[PROVIDED DATA Boundary: Start]
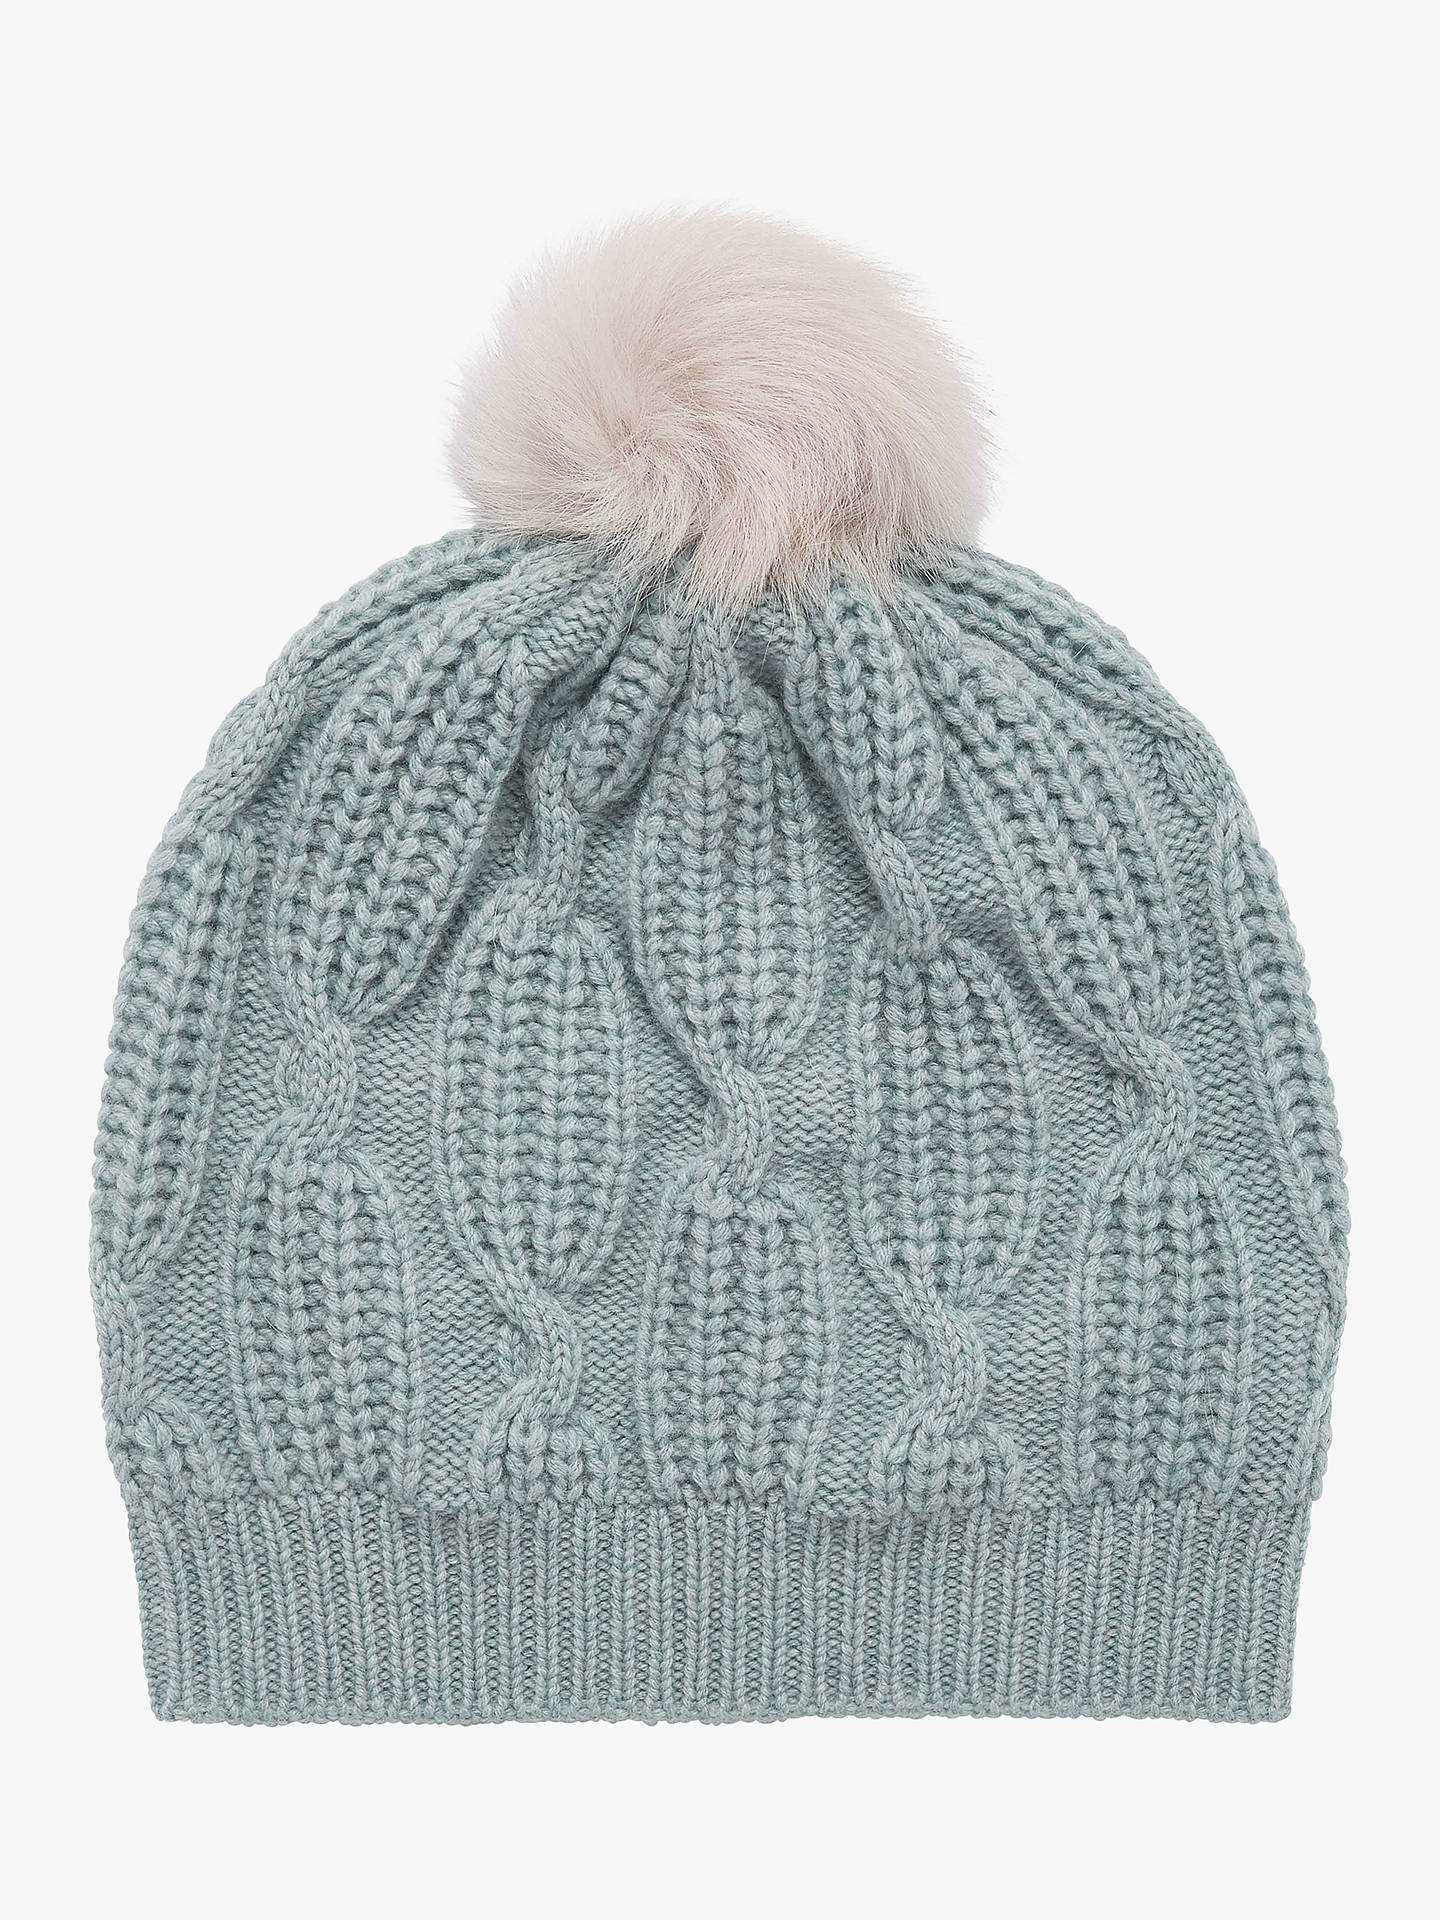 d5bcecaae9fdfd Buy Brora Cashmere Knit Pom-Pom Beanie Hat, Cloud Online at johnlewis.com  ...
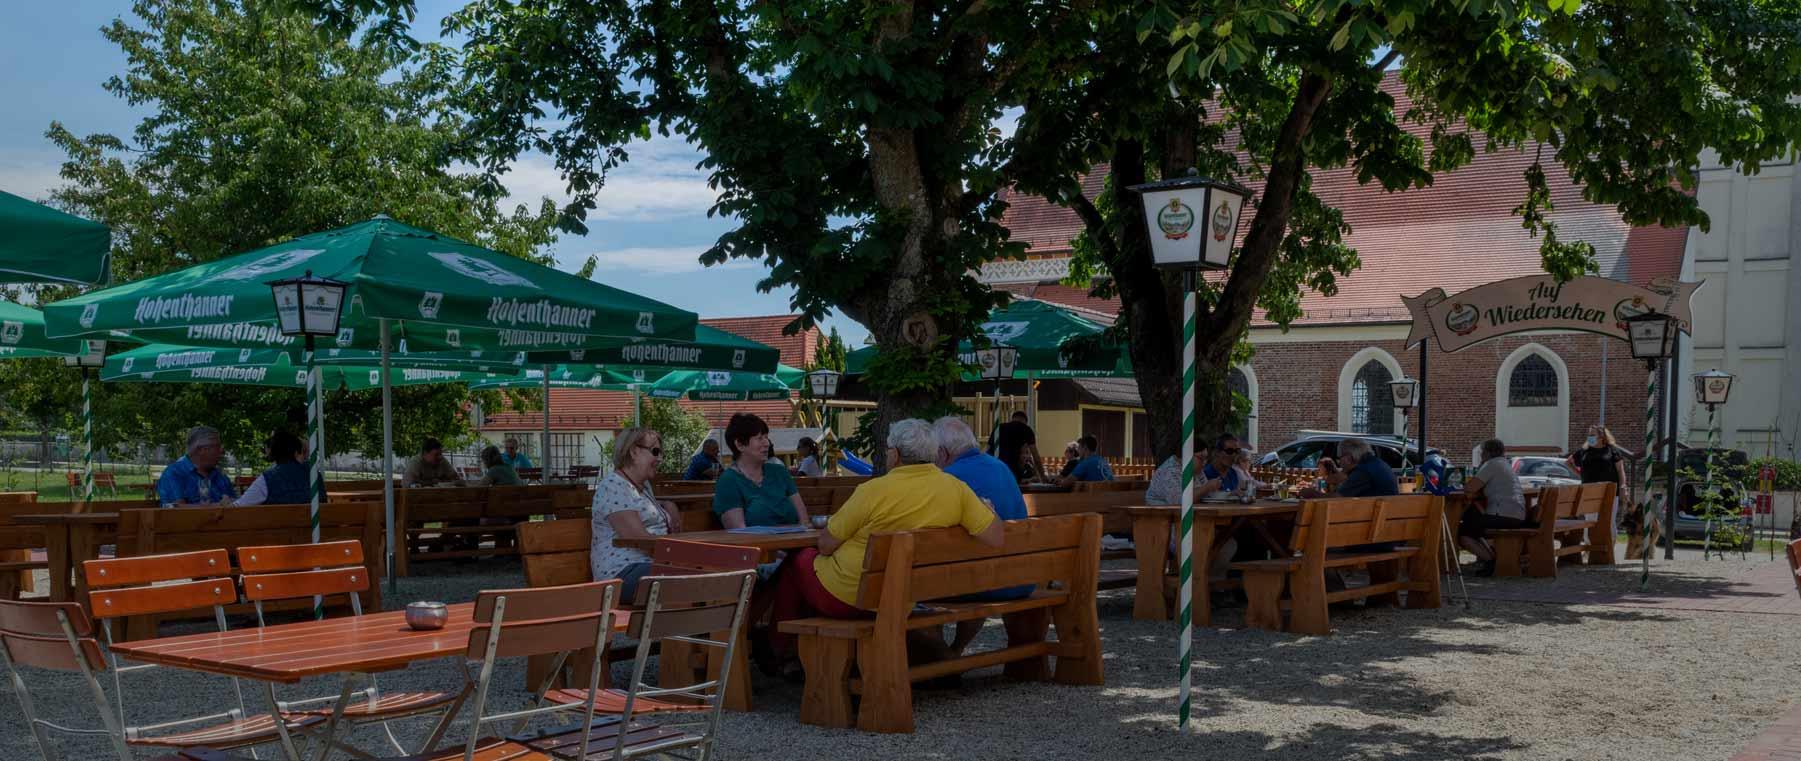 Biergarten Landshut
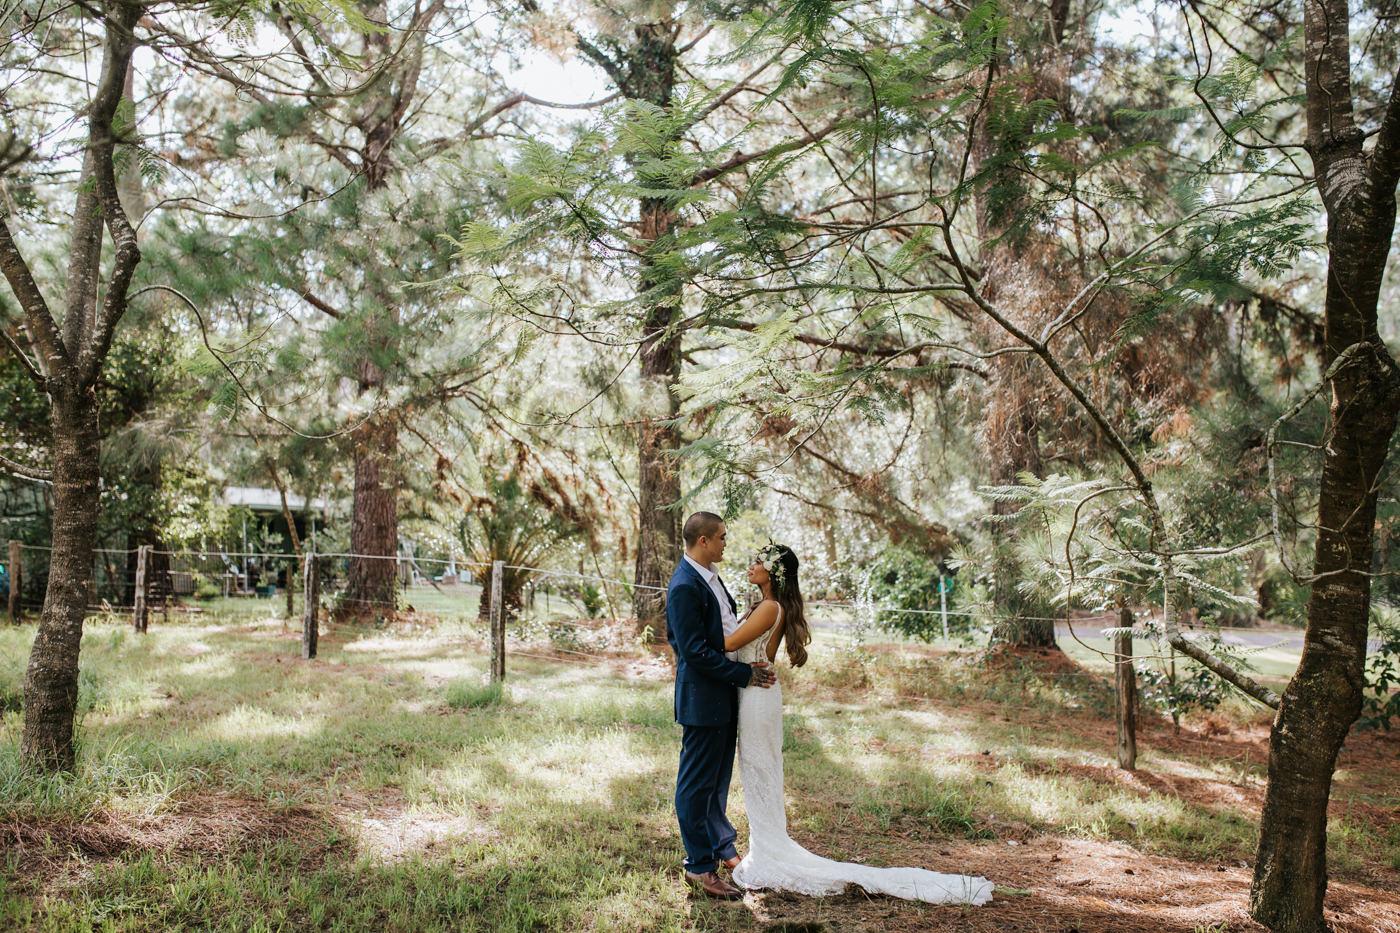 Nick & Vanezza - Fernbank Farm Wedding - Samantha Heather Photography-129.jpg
[PROVIDED DATA Boundary: End]
Copy out the material exactly as it stands, though no picture should appear in the copy.

 d5bcecaae9fdfd Buy Brora Cashmere Knit Pom-Pom Beanie Hat, Cloud Online at johnlewis.com  ...
 Biergarten Landshut
 Nick & Vanezza - Fernbank Farm Wedding - Samantha Heather Photography-129.jpg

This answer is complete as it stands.